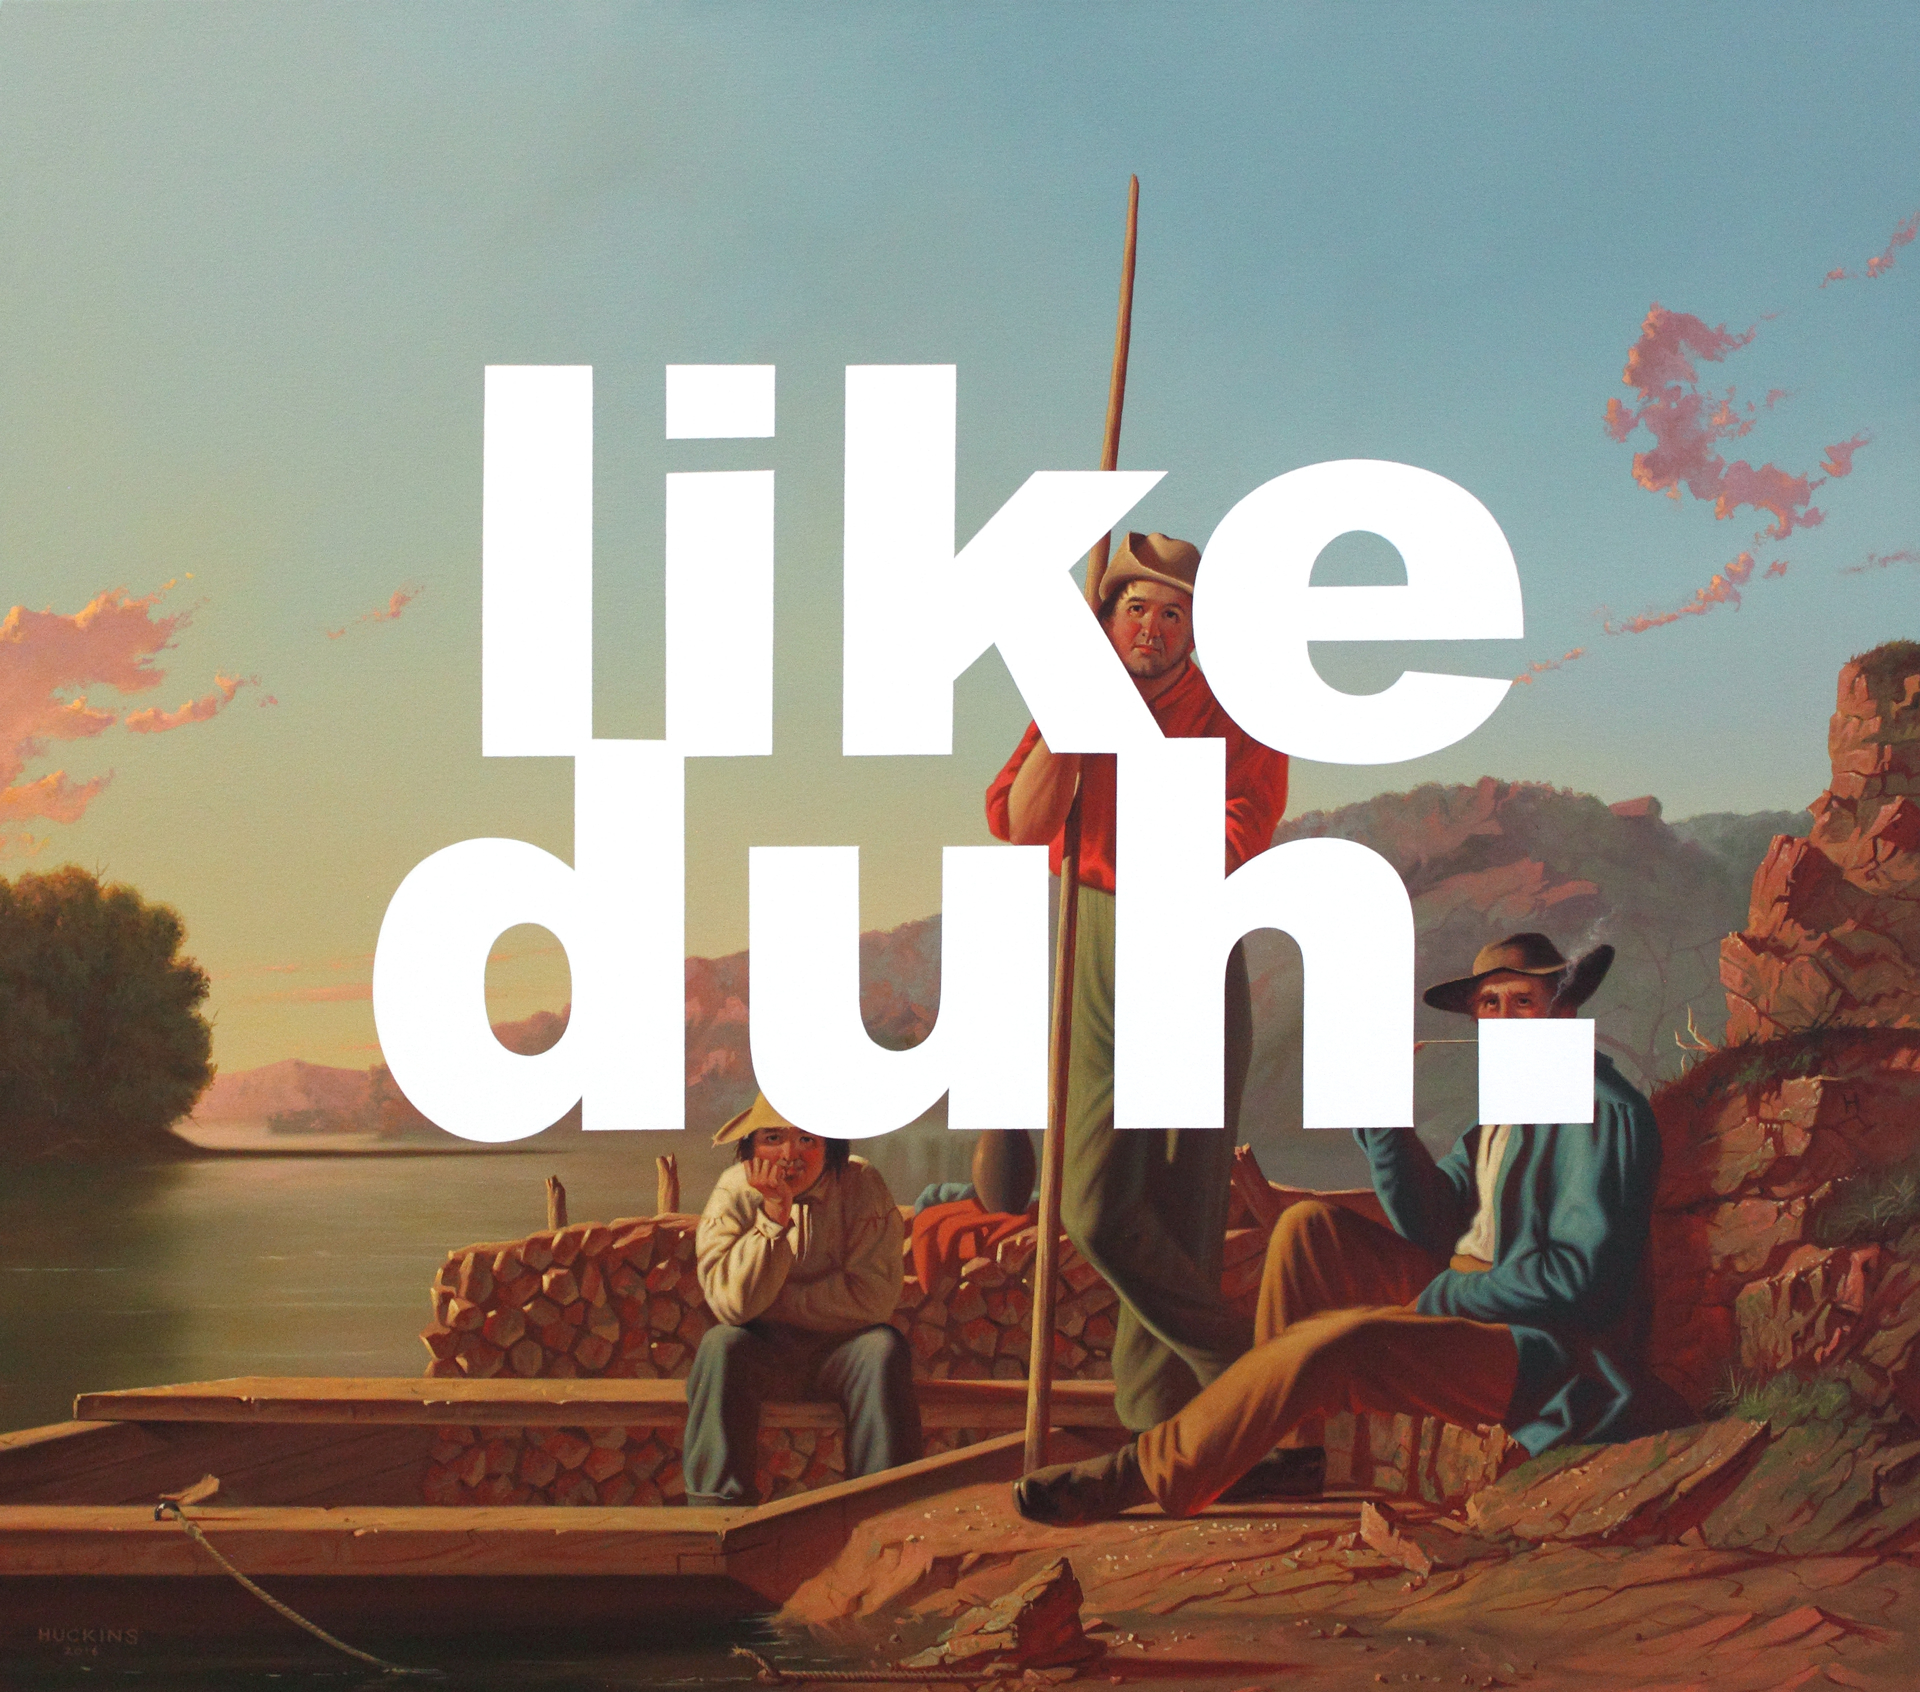 The Wood-Boat: Like Duh  by Shawn Huckins
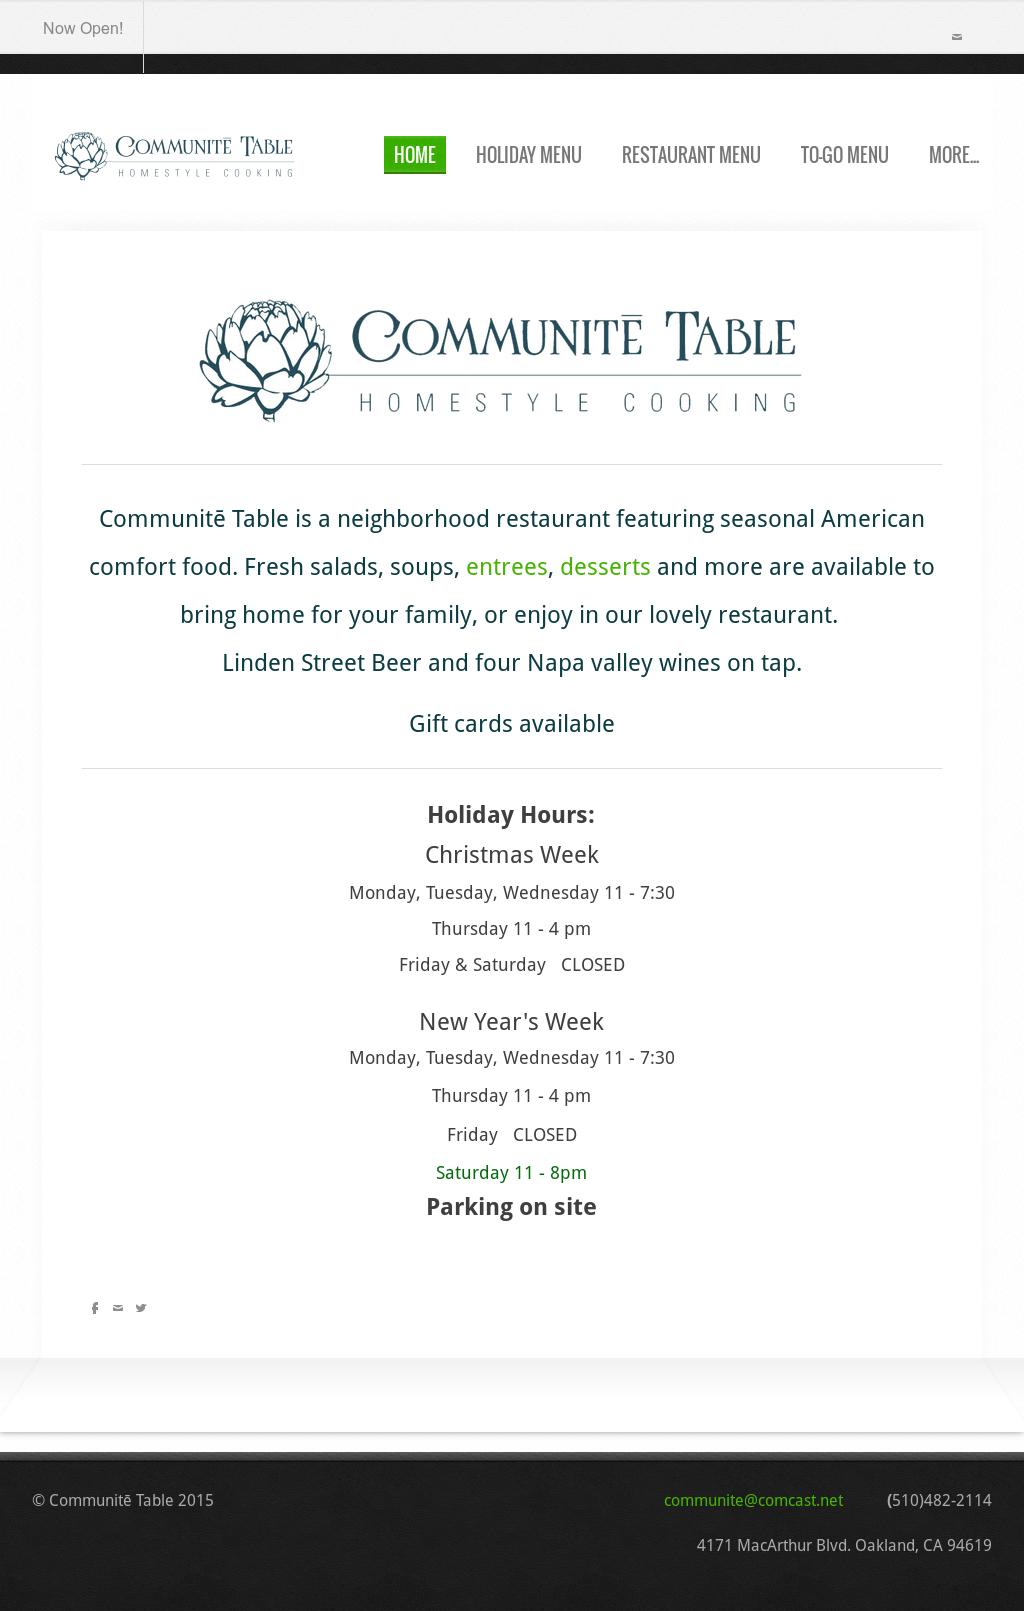 Communite Table Competitors Revenue And Employees Owler Company - Communite table
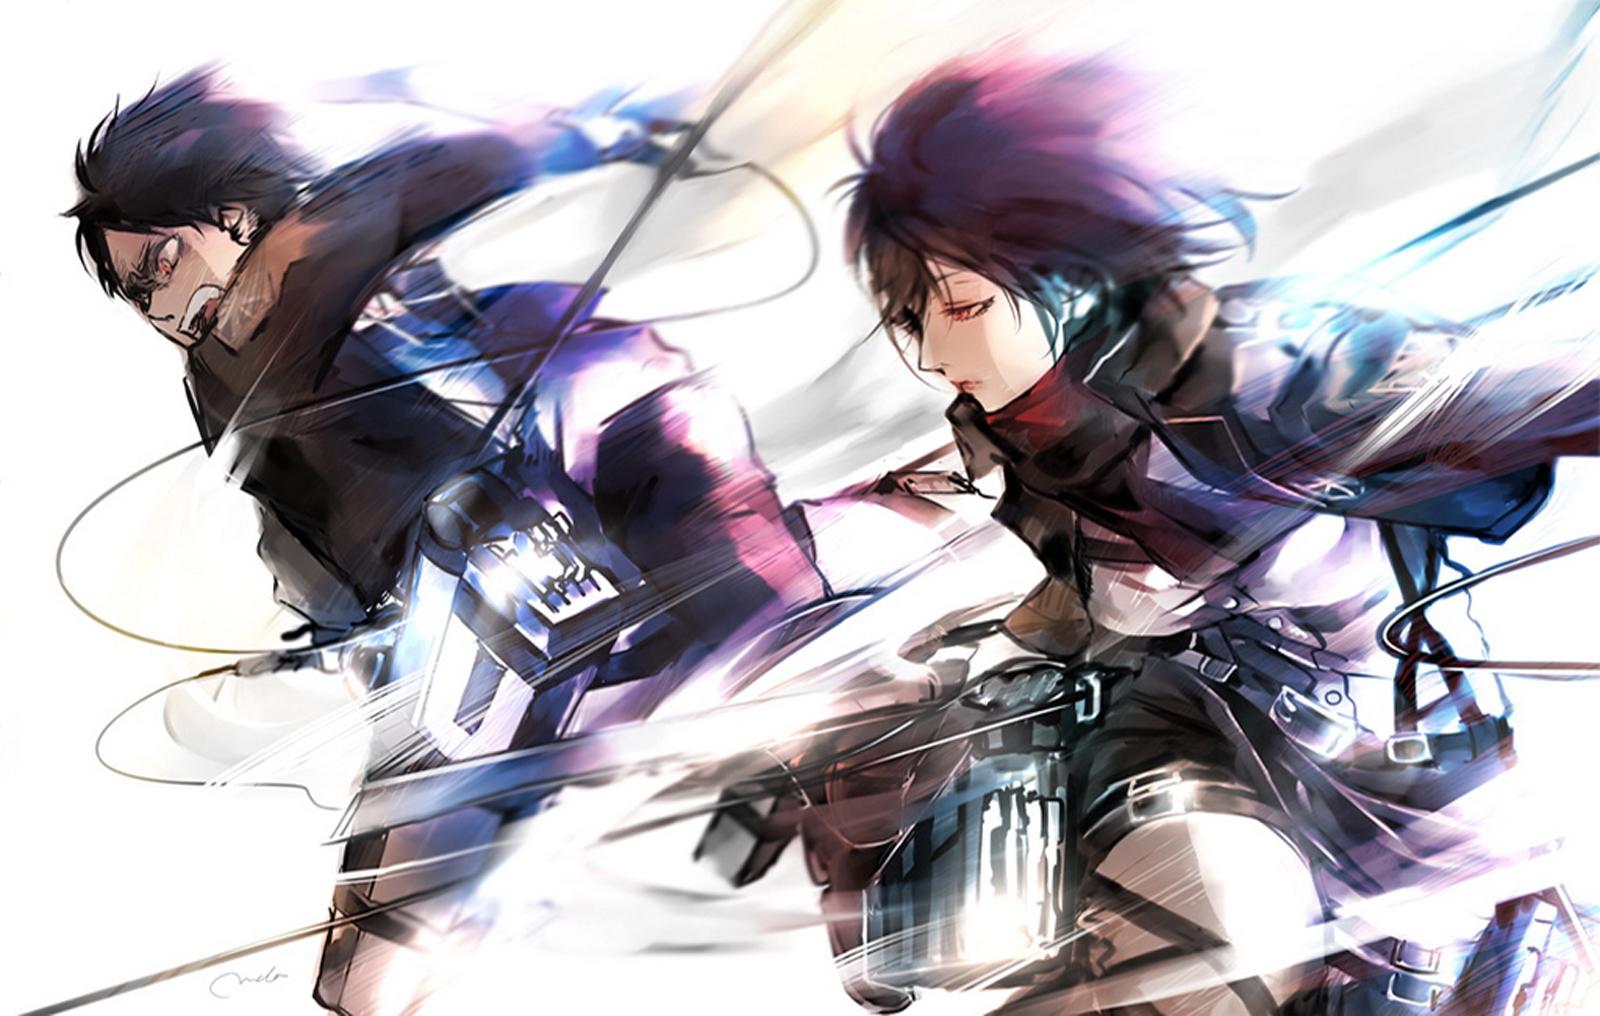 Shingeki no Kyojin Attack on titan AOT Wallpapers 1600x1016
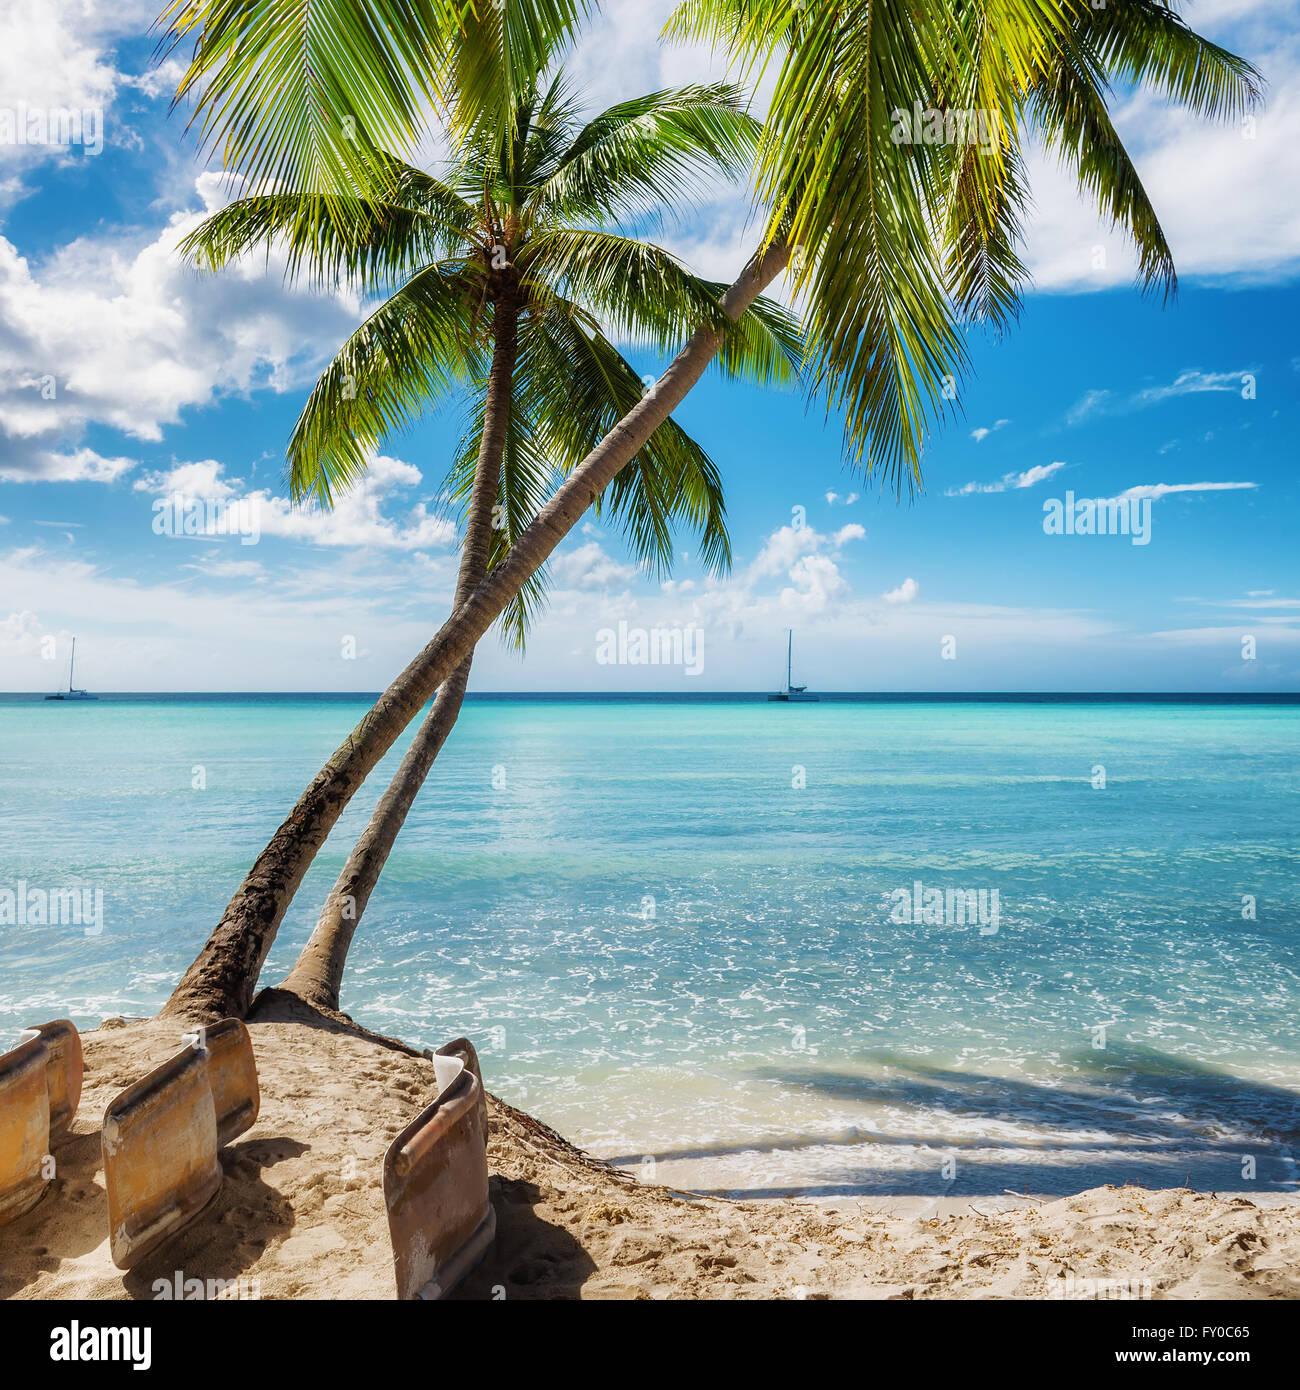 Palm beach in Saona island, Dominican Republic - Stock Image
---+---
_What you have to do_: Retype the data above in full, exactly as it stands, and skip any image.

_Written solution_:
 The Wood-Boat: Like Duh  by Shawn Huckins
 Communite Table Competitors Revenue And Employees Owler Company - Communite table
 Shingeki no Kyojin Attack on titan AOT Wallpapers 1600x1016
 Palm beach in Saona island, Dominican Republic - Stock Image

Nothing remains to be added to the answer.